NEW YORK (Reuters Health) - Drops in smoking may have helped drive cancer death rates down among black men during the last decade, but they are still more likely to die of cancer than whites, according to a new analysis.
“I think we see some really good news, but then we also see some trends that are going in the wrong direction,” said Carol DeSantis, the study’s lead author from the American Cancer Society (ACS) in Atlanta.
Using information from several databases, the researchers analyzed information on the number of cancers diagnosed and the number of cancer deaths reported across the U.S. between 1990 and 2009.

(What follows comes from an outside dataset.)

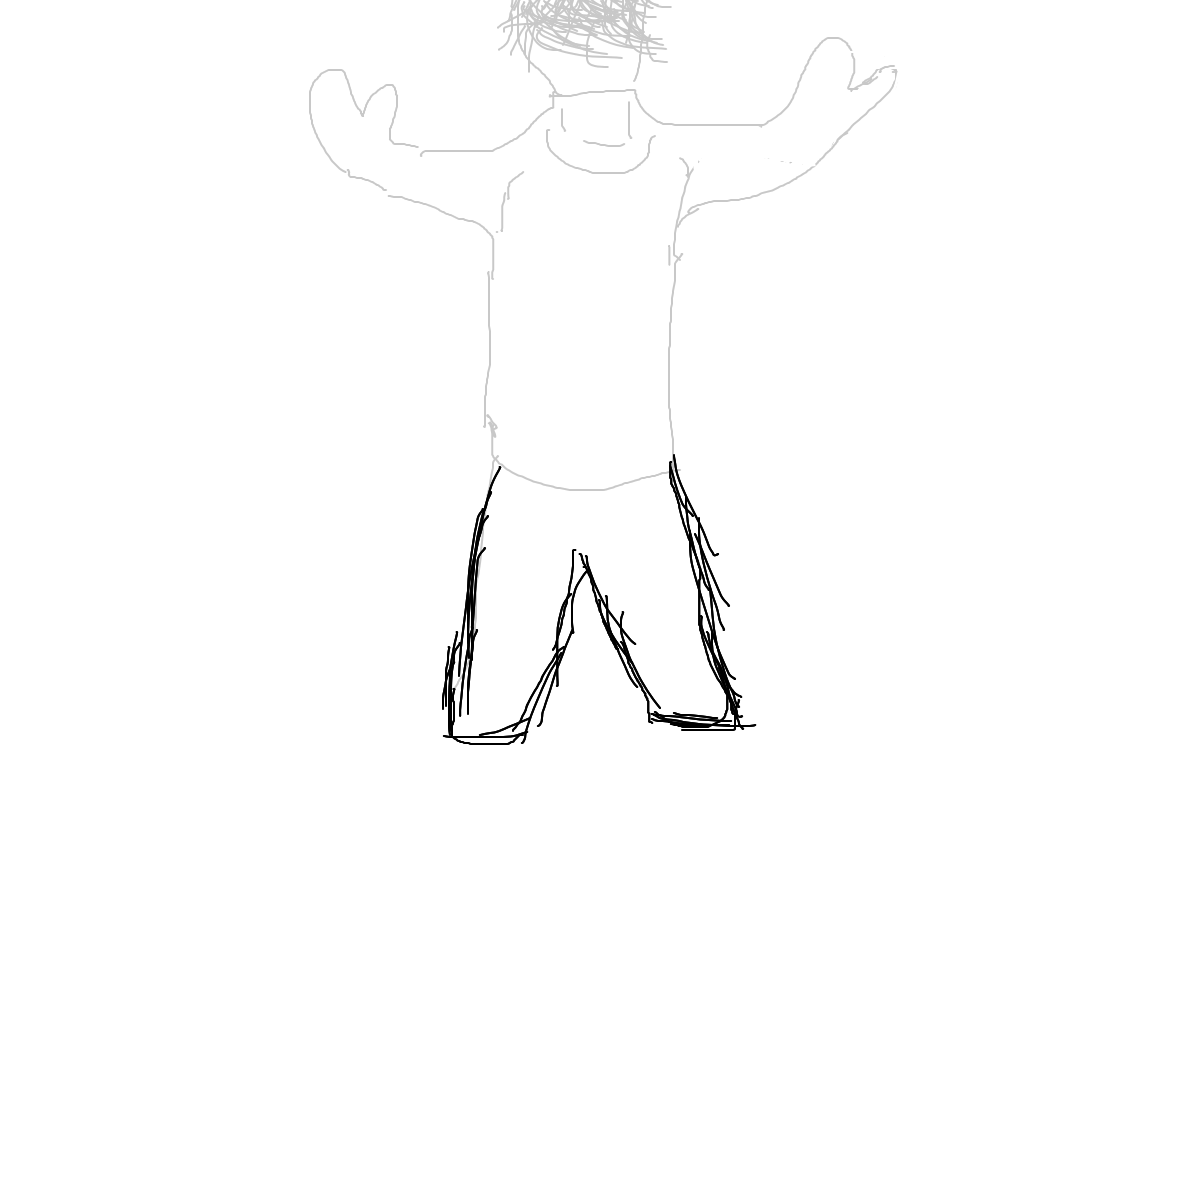 BAAAM drawing#5269 lat:39.9655799865722660lng: -75.1809158325195300
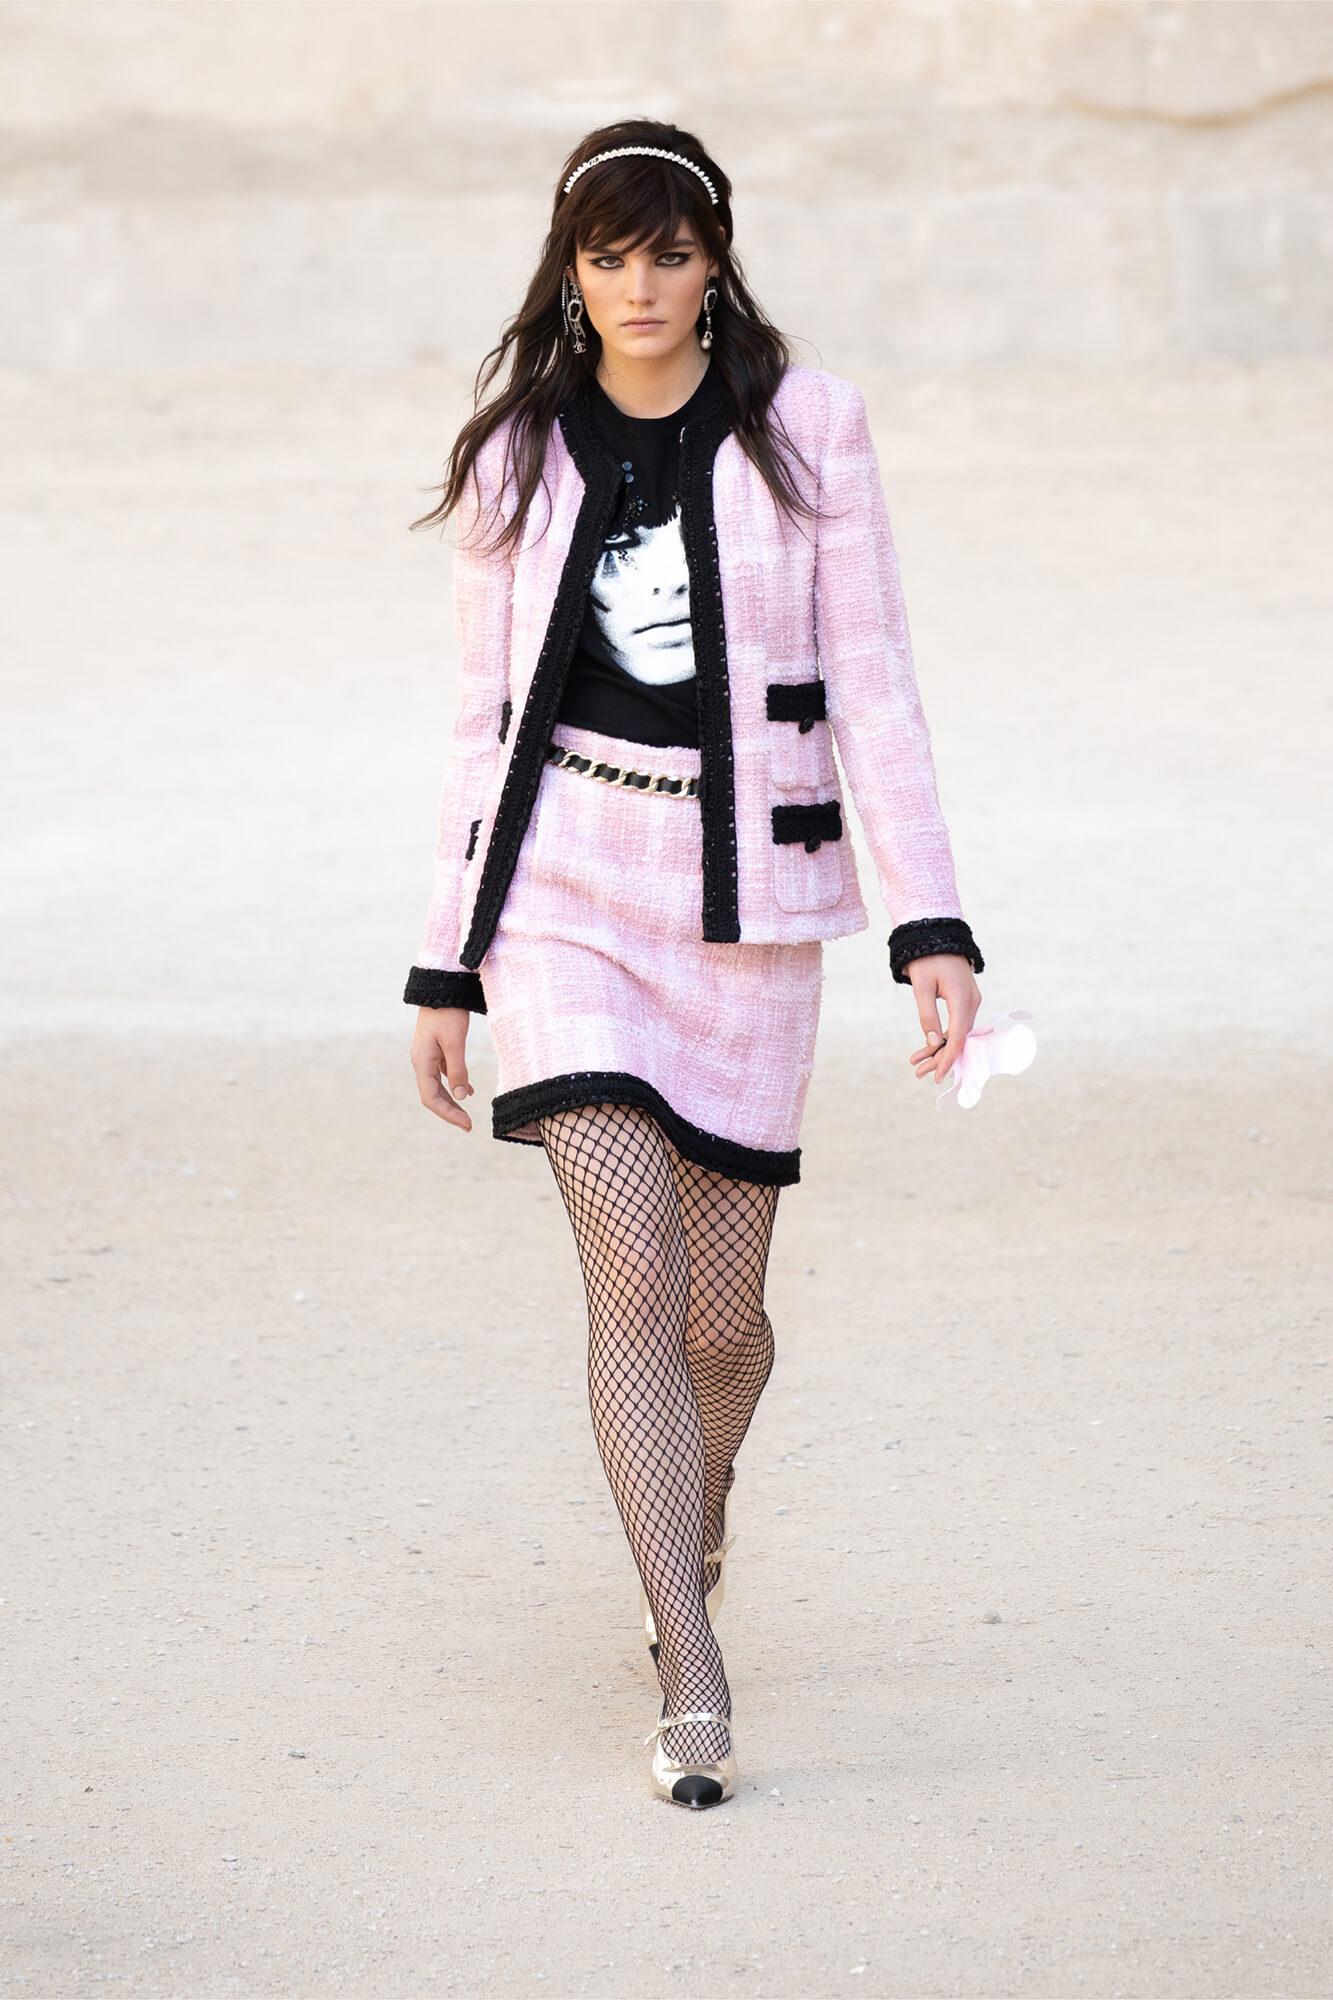 Chanel Cruise Collection 2021/22. Fotografía: Chanel

The biennial analysis found that improvements in cancer treatments and care have avoided nearly 200,000 cancer deaths in blacks since 1990.
But cancer death rates for blacks are still higher than whites, according to DeSantis and her colleagues, who published their findings in CA: A Cancer Journal for Clinicians on Tuesday.
Between 2005 and 2009, the researchers found about 288 black men died from cancer out of every 100,000, compared to about 217 white men. Among women, those numbers were about 181 blacks per 100,000, and 155 whites per 100,000.
The gap between cancer death rates narrowed the most between black and white men during the last decade, according to the researchers. Over that time, the cancer death rate for black men fell by 2.4 percent every year, compared to 1.7 percent for white men.
“That’s primarily driven by declines in lung cancer, which is driven by more black men stopping smoking than white men,” said DeSantis.
For women, however, death rates fell equally between blacks and whites over the last decade at about 1.5 percent.
The researchers also found black women are 16 percent more likely to die from cancer even though they are 6 percent less likely to get cancer.
“Primarily the reason for the lower incidence rate is that (blacks) are at a lower risk of lung and breast cancer... Then we see if you’re diagnosed with the cancer you’re more likely to die from the disease, and that’s truly an access to care issue,” said DeSantis.
“This is a mix of good and bad,” cancer disparity researcher Dr. Christopher Lathan, who was not involved with the new analysis, told Reuters Health.
“We are making some progress in cancer treatment and we’re narrowing the gaps, but there are still areas that need work,” said Lathan, director for the Cancer Care Equity Program at the Dana-Farber Cancer Institute in Boston.
David Wetter, professor in the Department of Health Disparities Research at The University of Texas MD Anderson Cancer Center in Houston, said the new numbers show that healthcare professionals and public health officials still need make an effort to reach out to underserved populations.
“Underserved, marginalized populations are the very last to benefit,” Wetter, who was not involved with the analysis, told Reuters Health.
“Unfortunately, as treatments improve and newer treatments are coming out, we will see a widening disparity if people don’t have equal access,” said DeSantis.